Fisher criterion \({\varvec{J}}({\varvec{W}})\) is the ratio of between-class scatters to within-class scatter (Fisher 1936):

$${\varvec{J}}\left({\varvec{W}}\right)=\frac{{{\varvec{W}}}^{\boldsymbol{^{\prime}}}{{\varvec{S}}}_{{\varvec{b}}}{\varvec{W}}}{{{\varvec{W}}}^{\boldsymbol{^{\prime}}}{{\varvec{S}}}_{{\varvec{w}}}{\varvec{W}}}$$
(5)

LDA can be seen as an optimisation problem with the objective of maximising the Fisher criterion in (5) (Iatan 2010) to find an optimal projection matrix. LDA has been utilized to analyze the spectral data obtained from a portable NIR spectrometer to determine meat quality (Bazar et al. 2017) and verify the authenticity of fish fillets and patties (Grassi et al. 2018).

Support vector machines (SVM) is a supervised classification technique in which samples are prepared in a way that there is a clear gap between different categories (Sain and Vapnik 1996). The main objective of SVM is to construct a hyperplane or a set of hyperplanes that makes the distance between the training samples maximum which helps to classify samples distinctly.

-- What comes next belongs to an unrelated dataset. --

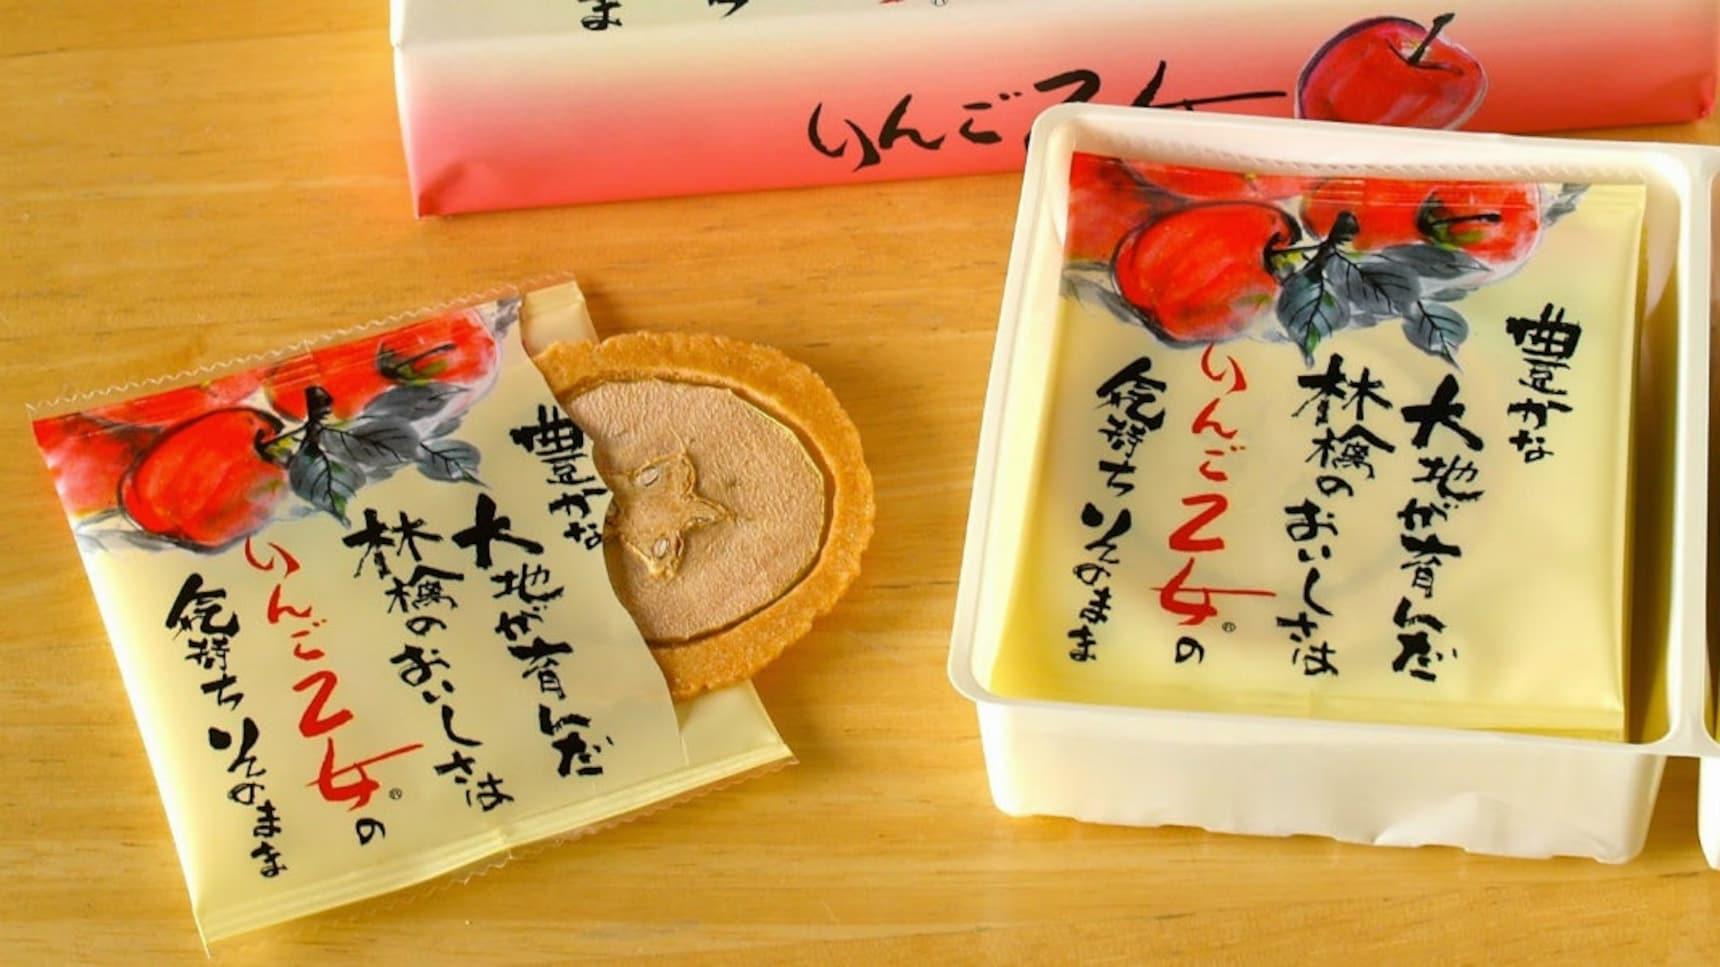 Nagano's Top 4 Omiyage Snacks

SVM classification can be seen as an optimization problem in which one would minimise a mapping function \({\varvec{\phi}}\left({\varvec{v}}\right)\) that maps the training sample points from the input space to a feature space (Boser et al. 1992; Sun et al. 2016):

$$\left\{ \begin{gathered} Min\,\,\varvec{\phi} \left(\varvec{ v }\right) = \frac{1}{2}v^{\prime}v \hfill \\ st.\varvec{c_{x}} \left( {v^{\prime}.\,\varvec{x} + \varvec{\delta} } \right) \ge 1 \hfill \\ \end{gathered} \right.$$
(6)

where \(v\) is a weight vector, \({{\varvec{c}}}_{{\varvec{x}}}\) is the class labels of sample points \({\varvec{x}}\) and \({\varvec{\delta}}\) is a bias. SVM was applied to spectral data from a handheld NIR spectrometer to distinguish between different varieties of barley and chickpeas (Kosmowski and Worku 2018).

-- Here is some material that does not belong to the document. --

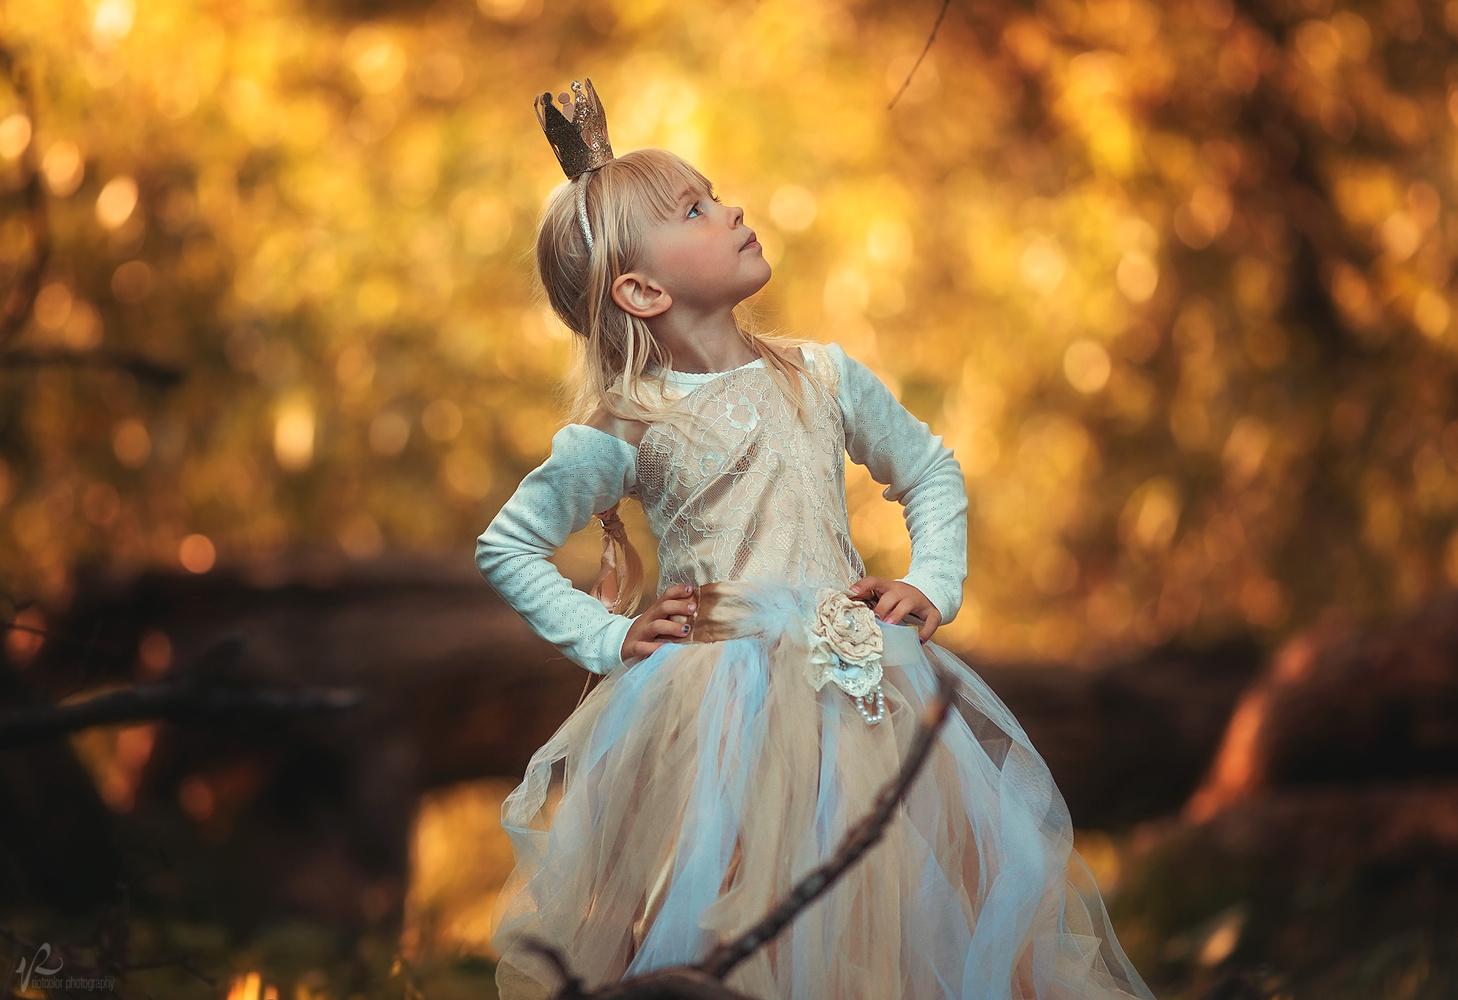 Sassy princess by Heikki M

The k-nearest neighbour algorithm (k-NN) is a non-parametric classification method where a sample observation is classified based on the maximum votes of its \(k\)-nearest neighbour. When the parameter \(k\) is one, the data point is assigned to the class of its closest neighbour. The selection of k is very important, and the value mainly depends on the data distribution. Performance of the classification depends on the selection of \(k\) which can be either static or dynamic. Static \(k\) is selected for the entire data using various methods including the cross validation methods (Zhu et al. 2011) and dynamic \(k\) is selected for different sample sets for improving the performance as in (Zhang et al. 2018). k-NN has been used to analyze spectral data in order to determine the quality of olive oil blends (Jiménez-Carvelo et al. 2017) and analyze the quality of pineapple (Amuah et al. 2019).

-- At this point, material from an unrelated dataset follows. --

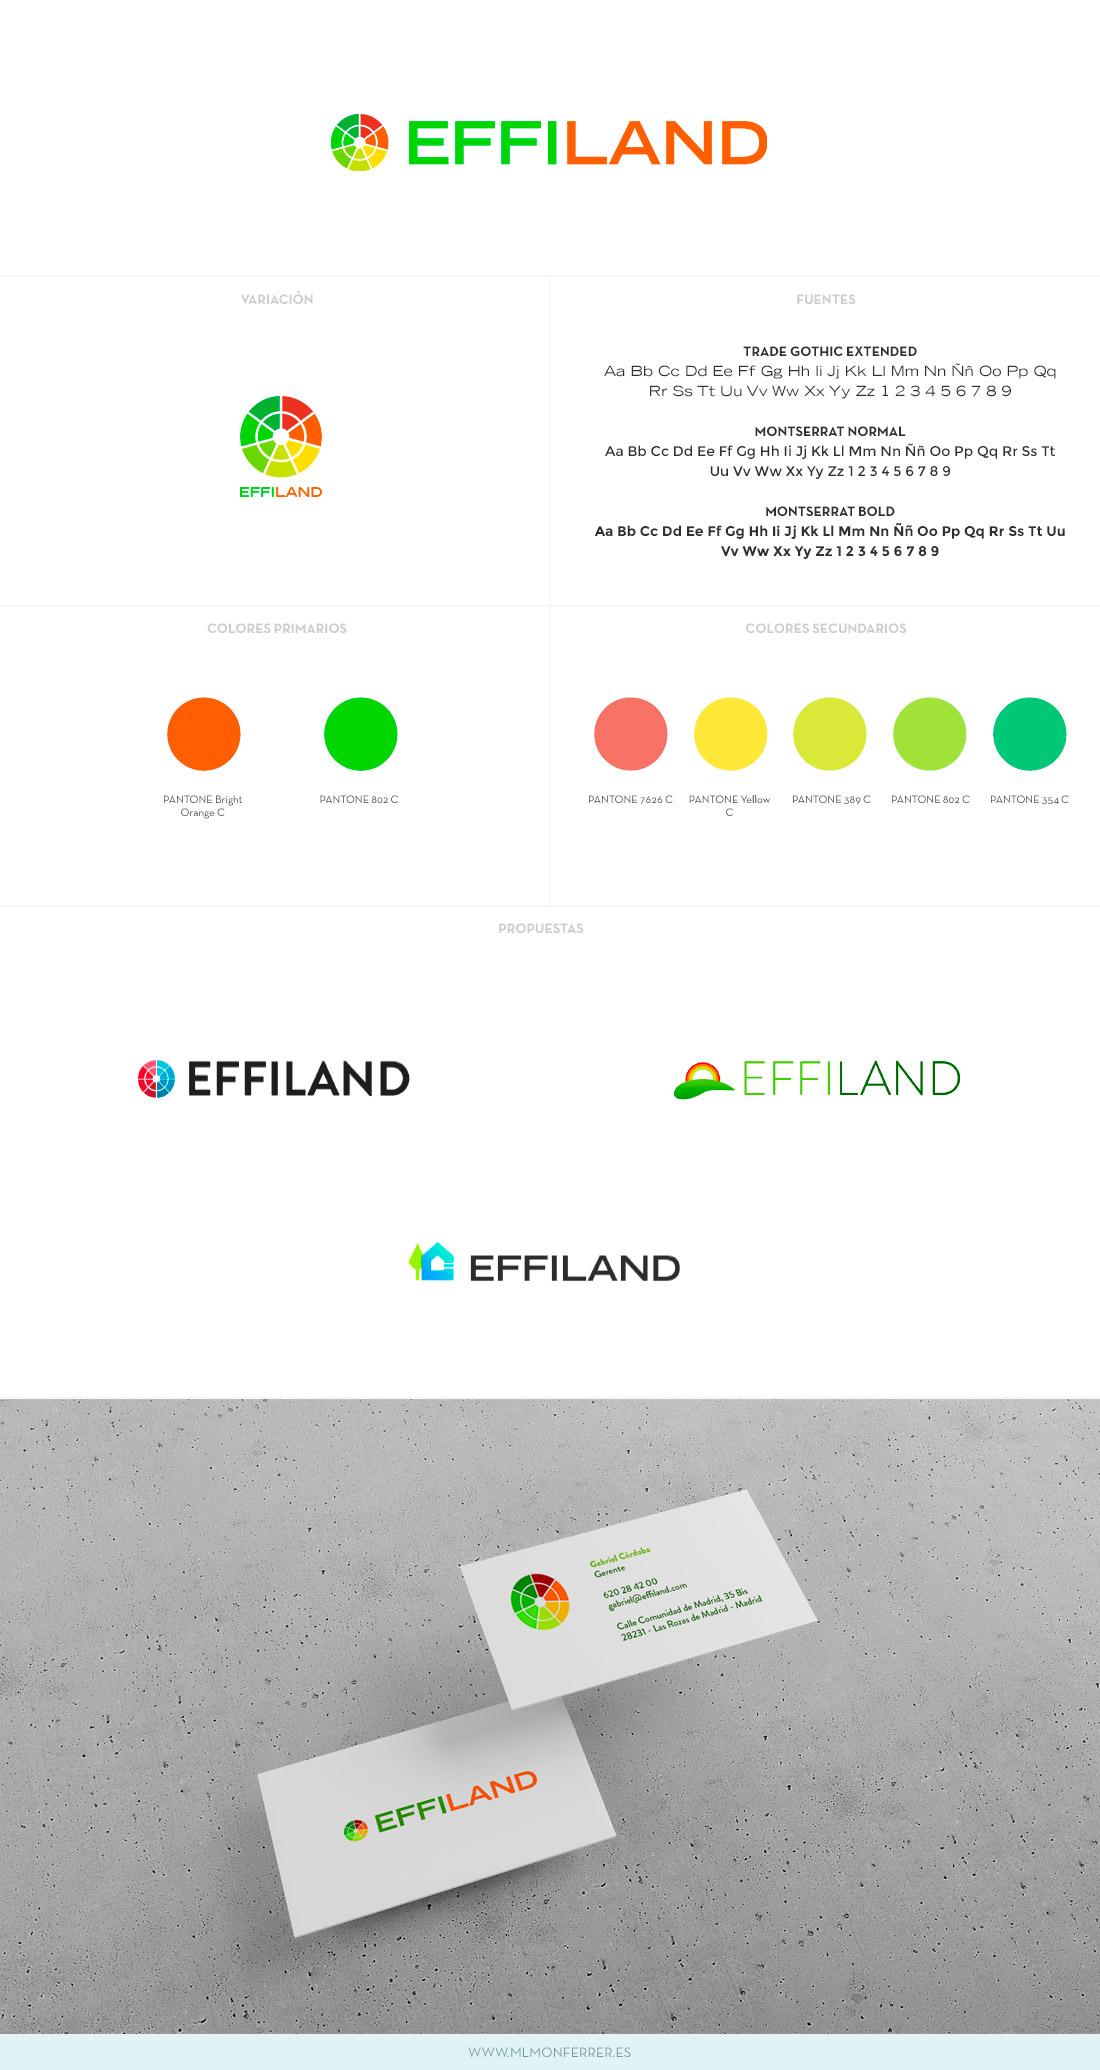 Logotipo Effiland

Partial Least Squares Regression (PLS) was used for analysis of highly collinear spectral data (Kettaneh-Wold 1992; Song 2018). PLS regression renders predicted variables matrix Y on a matrix of observable variables X. It yields a latent structure which is spanned by a few latent variables (LV), as the model attempts to find the projection directions in the X-space and explains variance changes in the Y-space:

$$\mathrm{min}\| {\varvec{Y}}-{\varvec{X}}{{\varvec{B}}}_{PLS}\|$$
(7)

where \({\varvec{X}}\) is an \(n\times d\) matrix and \({\varvec{Y}}\) is an \(n\times q\) matrix and \({{\varvec{B}}}_{PLS}\) is a \(d\times q\) regression coefficient matrix computed to build the PLS model. Matrices \({\varvec{X}}\) and \({\varvec{Y}}\) can be decomposed as follows:

$${\varvec{X}}={\varvec{R}}{{\varvec{P}}}^{\boldsymbol{^{\prime}}}+{\varvec{E}}$$
(8)
$${\varvec{Y}}=\boldsymbol{ }{\varvec{U}}{{\varvec{Q}}}^{\boldsymbol{^{\prime}}}+{\varvec{F}}$$
(9)

PLS-discriminant analysis (PLS-DA) is an extension of PLS to cover cases where Y represents a categorical matrix. Further, the selection of the number of LVs can vary; a high number of LVs may not necessarily guarantee a high accuracy due to over fitting. Usually, the number of LVs can be selected using cross validation (Tobias 1995). PLS regression has been effectively utilized to predict the amount of additional chemical components present in olive oil (Uncu and Ozen 2015) and beverages (Wang et al. 2020).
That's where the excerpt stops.